So close and yet so far
Sealifts spend a week on Iqaluit's doorstep

Richard Gleeson
Northern News Services

IQALUIT (July 12/99) - An attempt at an early start on the Baffin sealift season last week turned out to be a false start.

The Lady Franklin arrived in Iqaluit on July 2 and was stationed a couple of hundred metres offshore for a week. It was scheduled to come in and beach itself for unloading Friday.

Though there probably are people out there who have been counting the minutes since the Coast Guard sealift arrived aboard the Lady Franklin in Iqaluit on July 2, Gary Pinto, who's waiting for a car he had shipped from Newfoundland, is not among them.

"It hasn't been a problem," said Pinto, a newcomer to Iqaluit. "I'm kind of enjoying the opportunity to do a little walking around."

Pinto said he was more curious than anxious: curious about how the unloading will work.

The Lady Franklin has been stalled within a few hundred metres of the low tide marked by lingering ice, kept in the bay by a light breeze. The ship will come in on the high tide and beach itself so trucks can be driven to its side for the unloading.

Freight includes most of 600 tonnes of construction material ordered by Steenberg Construction Ltd. The remainder is on the Aivik, which arrived in port on July 4 with a Nunavut Eastern Arctic Shipping sealift.

Company owner Jens Steenberg is considerably less patient than Pinto. He said his company has been filling the waiting time with odd jobs.

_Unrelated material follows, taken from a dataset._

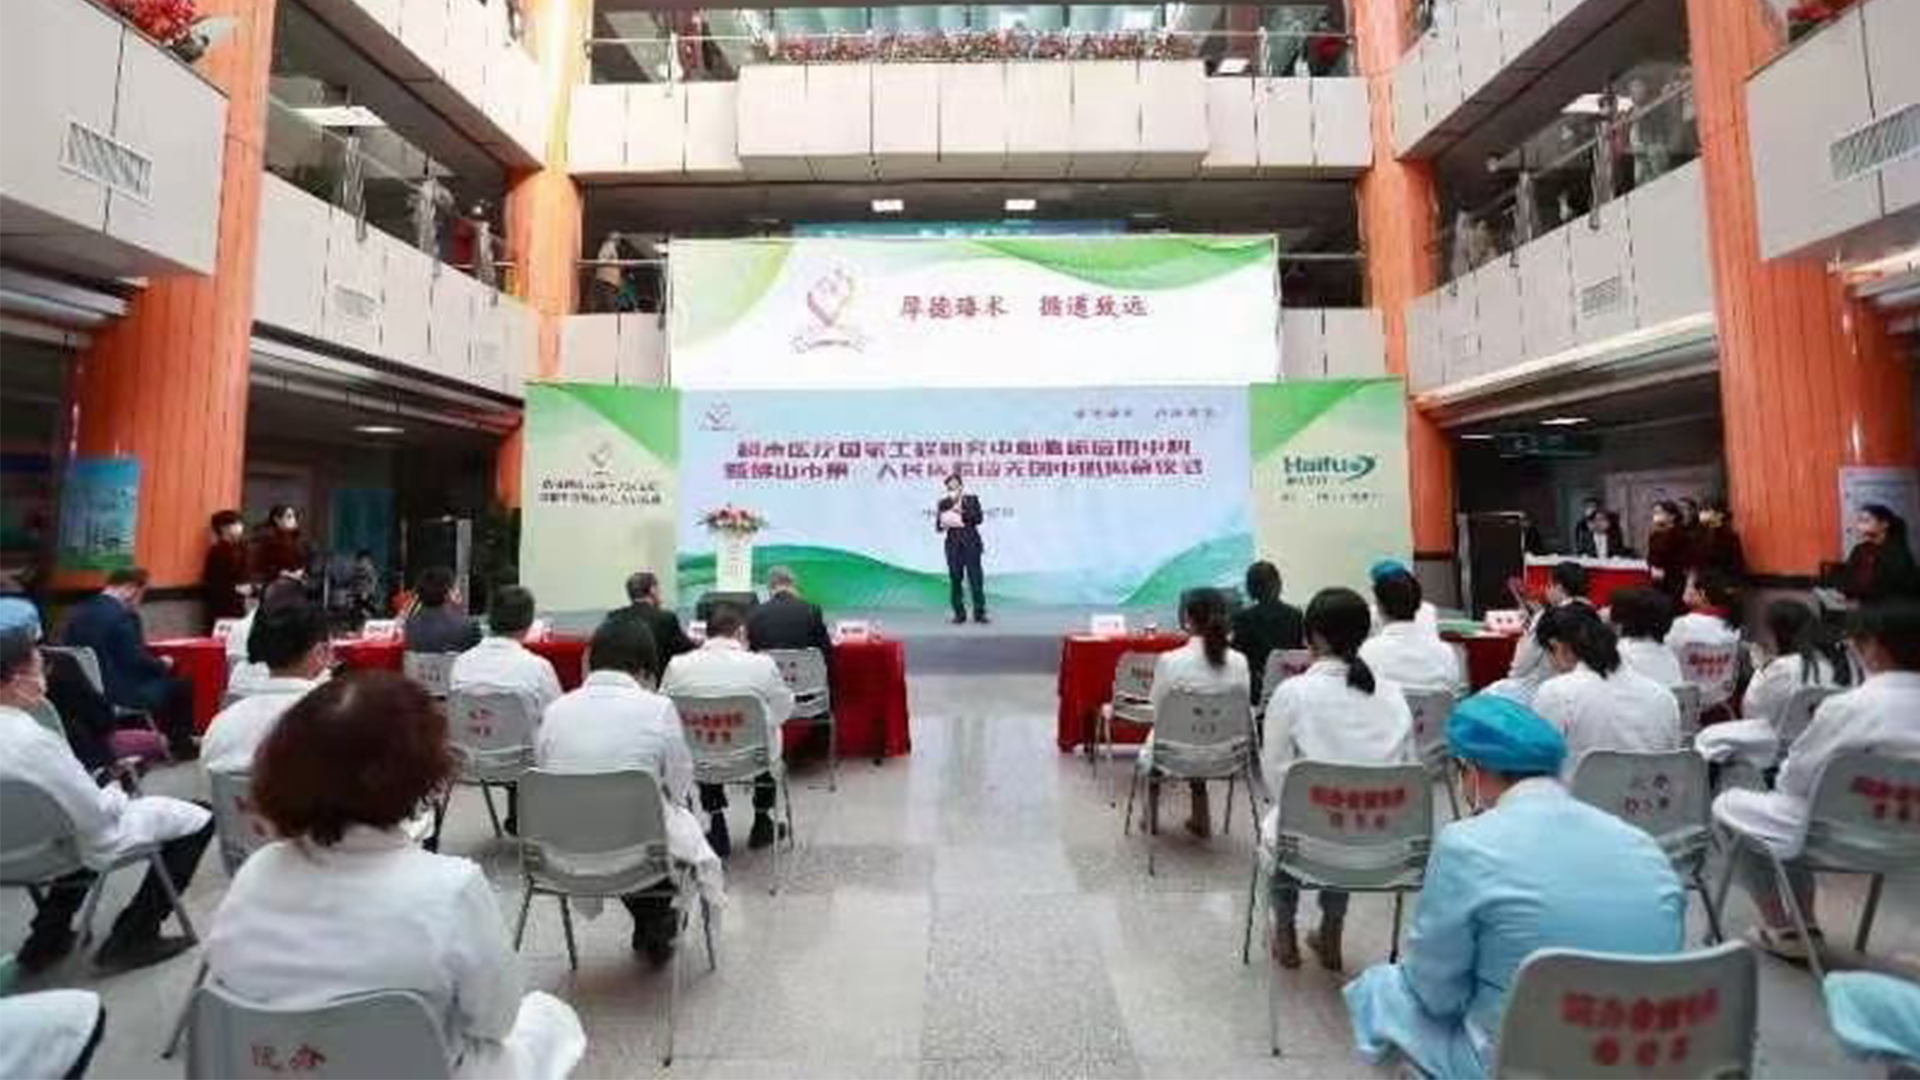 The Grand Opening Event of The Uterine Medical center in Guangzhou Foshan_3

"Time is money, especially in the North," he said. "Think about what it's costing the owners of those ships out there...they would have been on their way back down again by now. Now the whole schedule is going to be delayed. We're talking millions here."

Last week, the Coast Guard was aiming to have the vessels begin unloading on this past Friday.

"We're anxious to unload it, too," said Scotty Henderson of Hanson Construction Ltd., which will unload the Franklin. "We had an early spring, so they thought they would come up early. But the early spring didn't happen."

Most bars in town are down to the two or three brands of beer people wanted least during the year. The Lady Franklin will increase the selection considerably. She's delivering 130 tonnes of booze.

There's also something called an HB1 Bear Proof Container on board.

"There are five of them. They're garbage cans," said Don Galloway of the department of public works.

Steenberg said the wait highlights how desperately the town needs a proper port.

"We don't have a harbour and we're having big ships come in like this. It doesn't make a lot of sense ... we would unload in a fraction of the time (if there was a port) and cut down on shipping costs."